Habibian Maryam, McKinlay Colin, Blake Timothy R, Kietrys Anna M, Waymouth Robert M, Wender Paul A, Kool Eric T
Department of Chemistry, Stanford University 450 Serra Mall Stanford CA 94305 USA.
Chem Sci. 2019 Dec 2;11(4):1011-1016. doi: 10.1039/c9sc03639c.

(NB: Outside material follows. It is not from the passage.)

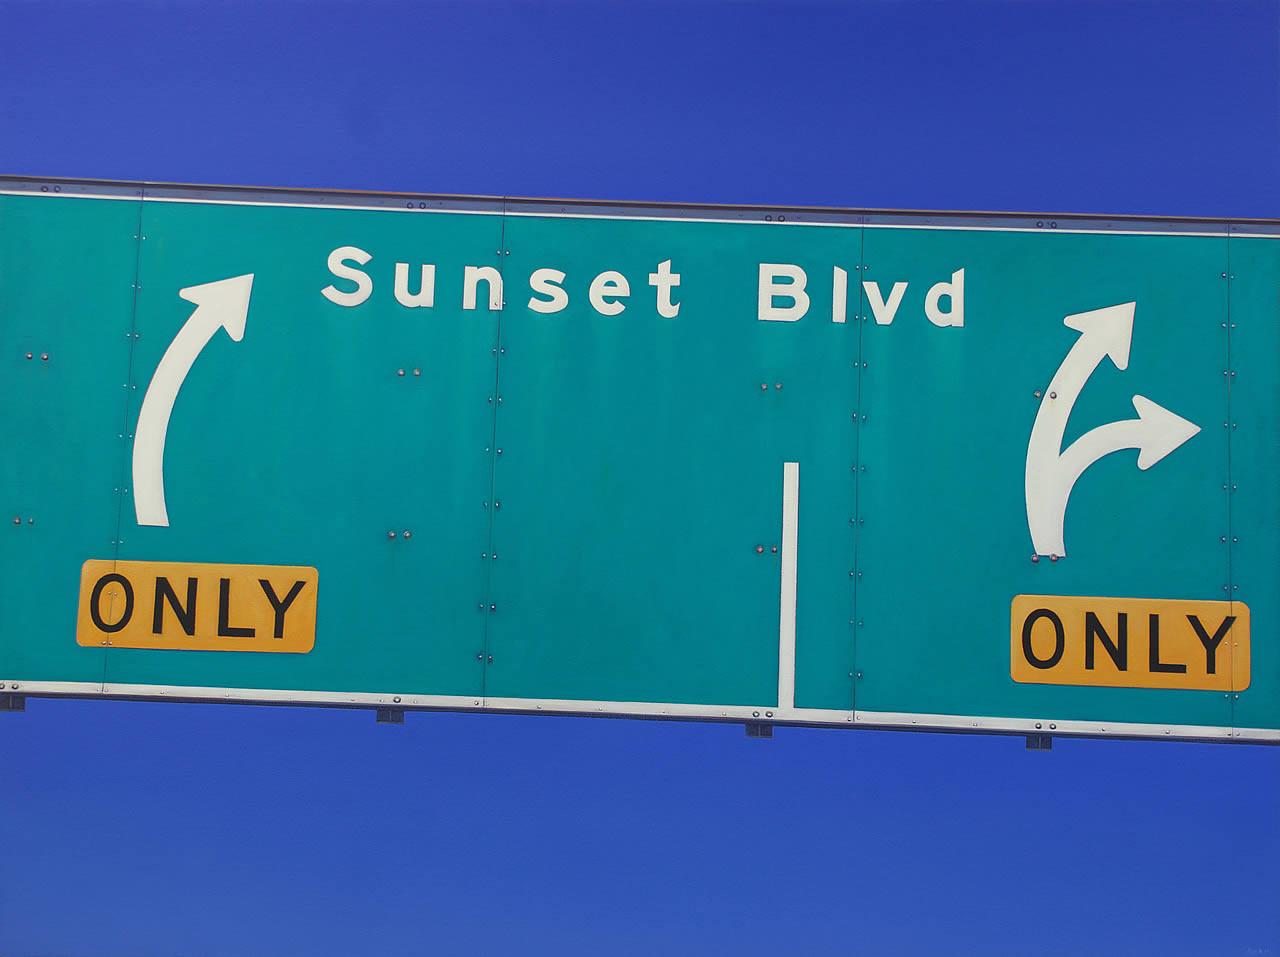 Sunset Blvd Only

We report the development of post-transcriptional chemical methods that enable control over CRISPR-Cas9 gene editing activity both in assays and in living cells. We show that an azide-substituted acyl imidazole reagent (NAI-N) efficiently acylates CRISPR single guide RNAs (sgRNAs) in 20 minutes in buffer. Poly-acylated ("cloaked") sgRNA was completely inactive in DNA cleavage with Cas9 , and activity was quantitatively restored after phosphine treatment. Delivery of cloaked sgRNA and Cas9 mRNA into HeLa cells was enabled by the use of charge-altering releasable transporters (CARTs), which outperformed commercial transfection reagents in transfecting sgRNA co-complexed with Cas9 encoding functional mRNA. Genomic DNA cleavage in the cells by CRISPR-Cas9 was efficiently restored after treatment with phosphine to remove the blocking acyl groups. Our results highlight the utility of reversible RNA acylation as a novel method for temporal control of genome-editing function.
我们报道了转录后化学方法的开发,该方法能够在体外实验和活细胞中控制CRISPR-Cas9基因编辑活性。我们表明,一种叠氮取代的酰基咪唑试剂(NAI-N)在缓冲液中20分钟内可有效酰化CRISPR单向导RNA(sgRNA)。多酰化(“隐形”)sgRNA在与Cas9进行DNA切割时完全无活性,用膦处理后活性可定量恢复。通过使用电荷改变可释放转运体(CARTs),能够将隐形sgRNA和Cas9 mRNA递送至HeLa细胞,在转染与编码功能性mRNA的Cas9共复合的sgRNA方面,CARTs优于商业转染试剂。用膦处理以去除阻断酰基后,CRISPR-Cas9在细胞中的基因组DNA切割得以有效恢复。我们的结果突出了可逆RNA酰化作为一种用于基因组编辑功能的时间控制的新方法的实用性。